§ **EXERCISE AIM**
Starting at the line that contains "rideau occultant rayures" and stopping at the line that contains "24Jan_Al-Raqqah_Syria_War_Map.jpg", restate each line of the records below exactly. Omit the pictures.

§ **SOURCE DATA**

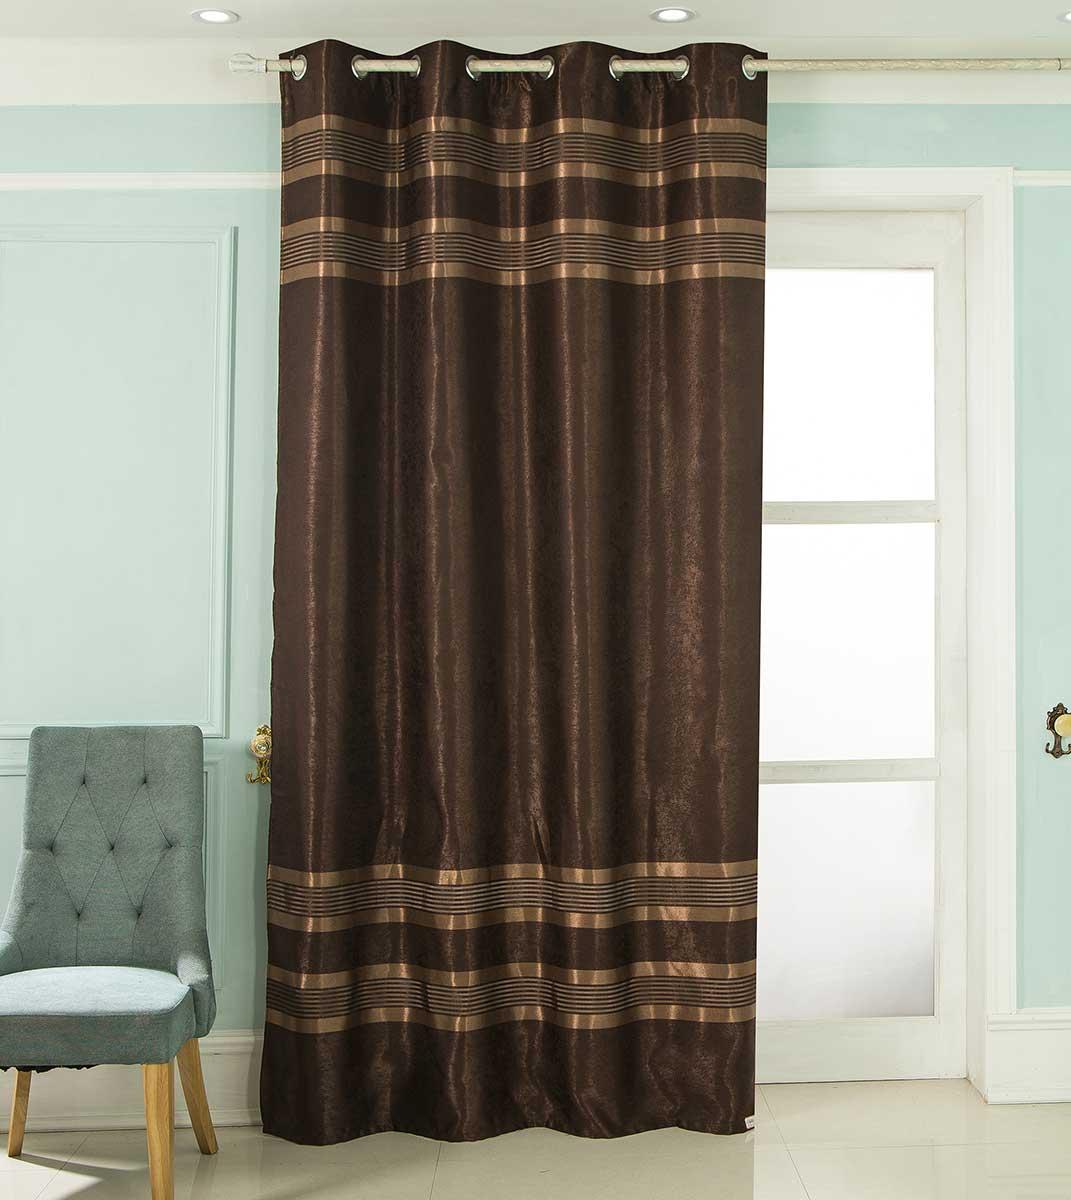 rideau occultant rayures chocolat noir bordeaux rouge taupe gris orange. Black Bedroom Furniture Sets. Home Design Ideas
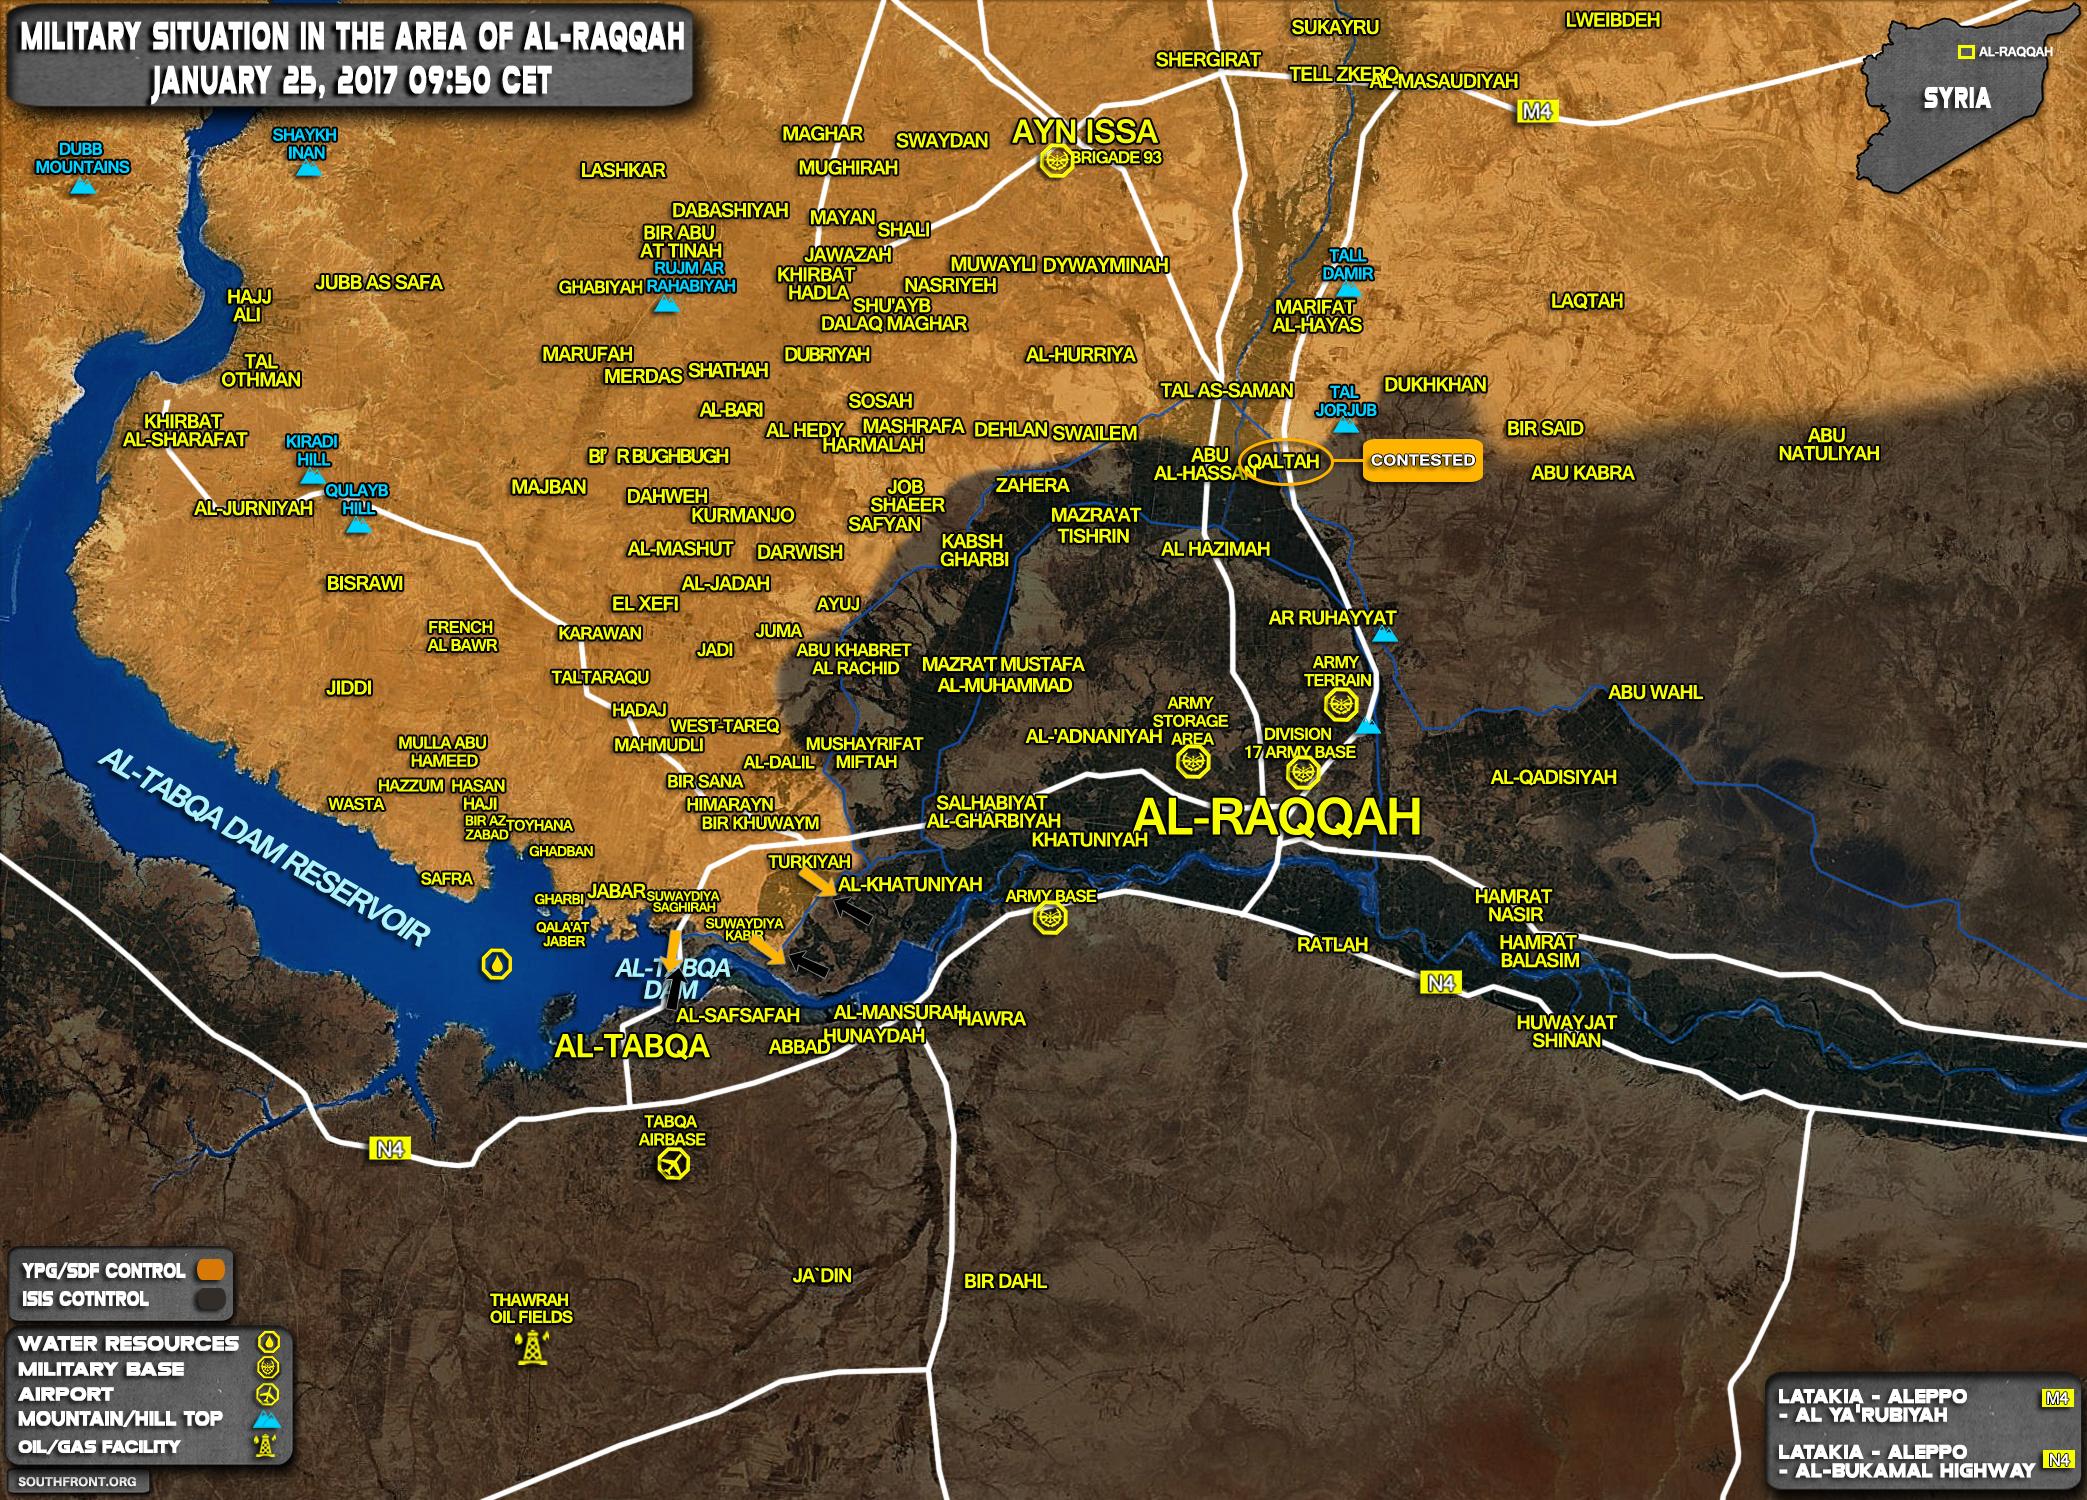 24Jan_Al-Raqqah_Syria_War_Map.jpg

...

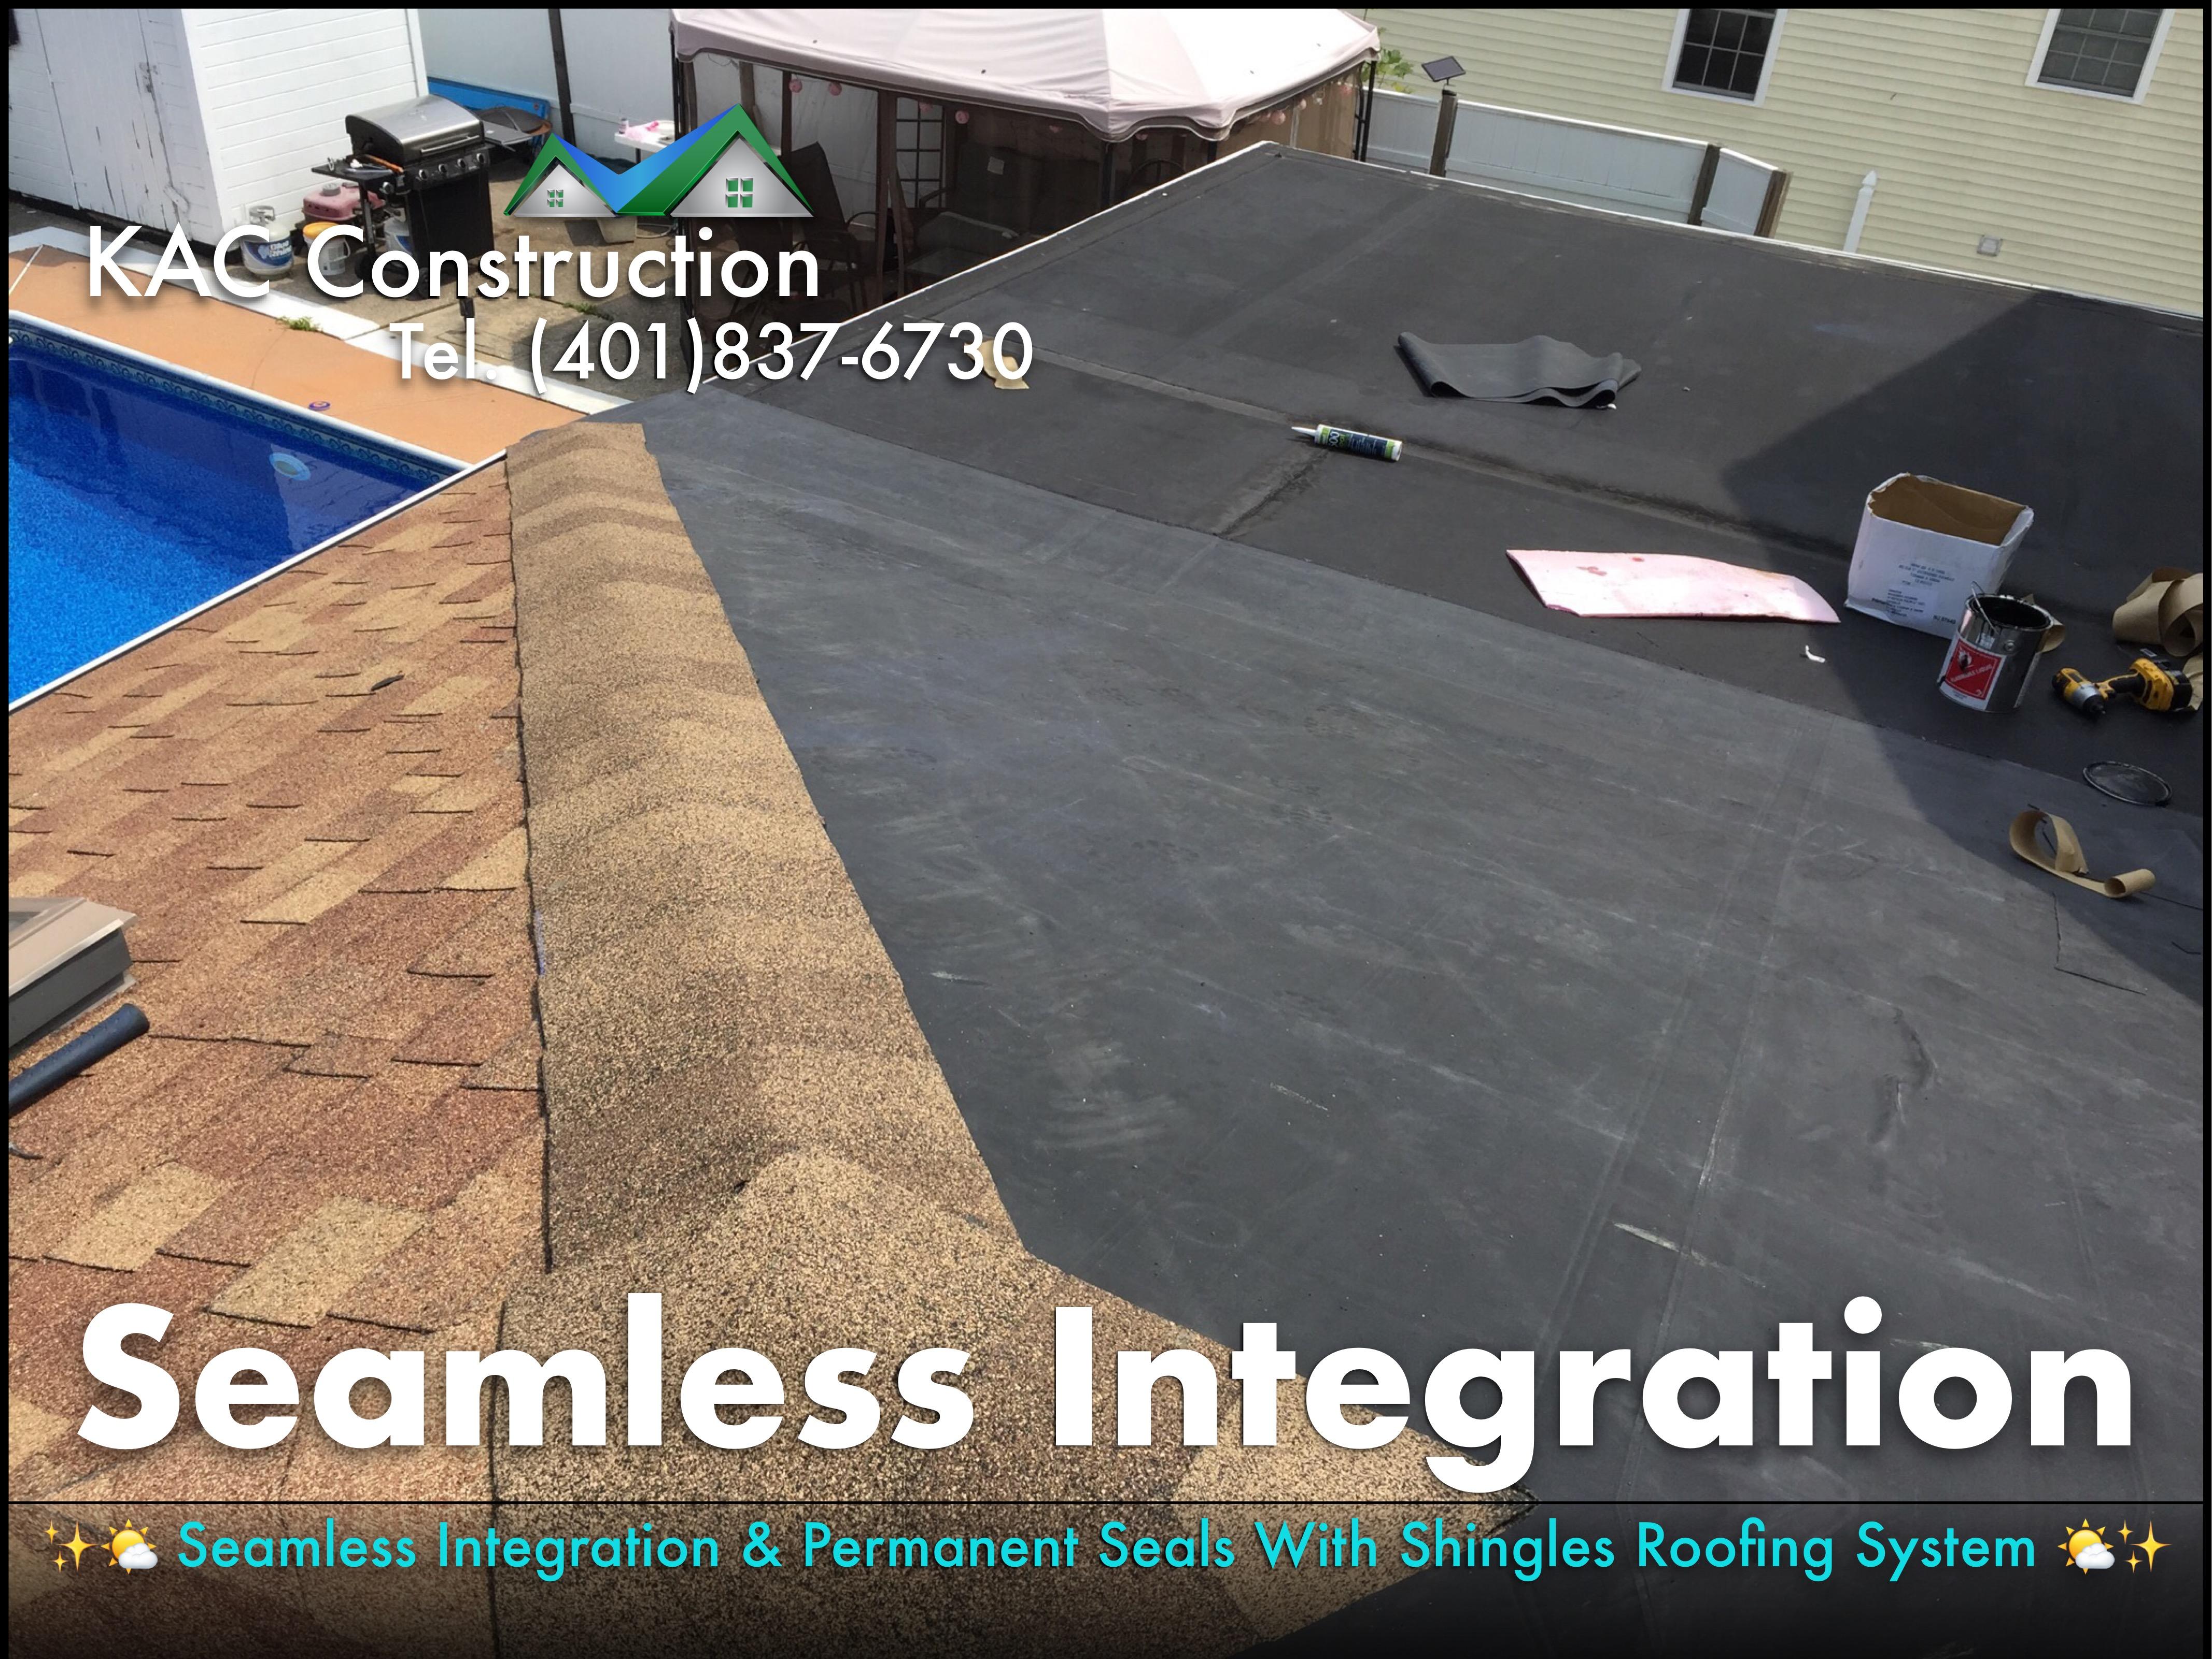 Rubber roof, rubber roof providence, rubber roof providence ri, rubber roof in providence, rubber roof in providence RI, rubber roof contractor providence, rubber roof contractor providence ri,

§ **ANSWER TO THIS TASK**
 rideau occultant rayures chocolat noir bordeaux rouge taupe gris orange. Black Bedroom Furniture Sets. Home Design Ideas
 24Jan_Al-Raqqah_Syria_War_Map.jpg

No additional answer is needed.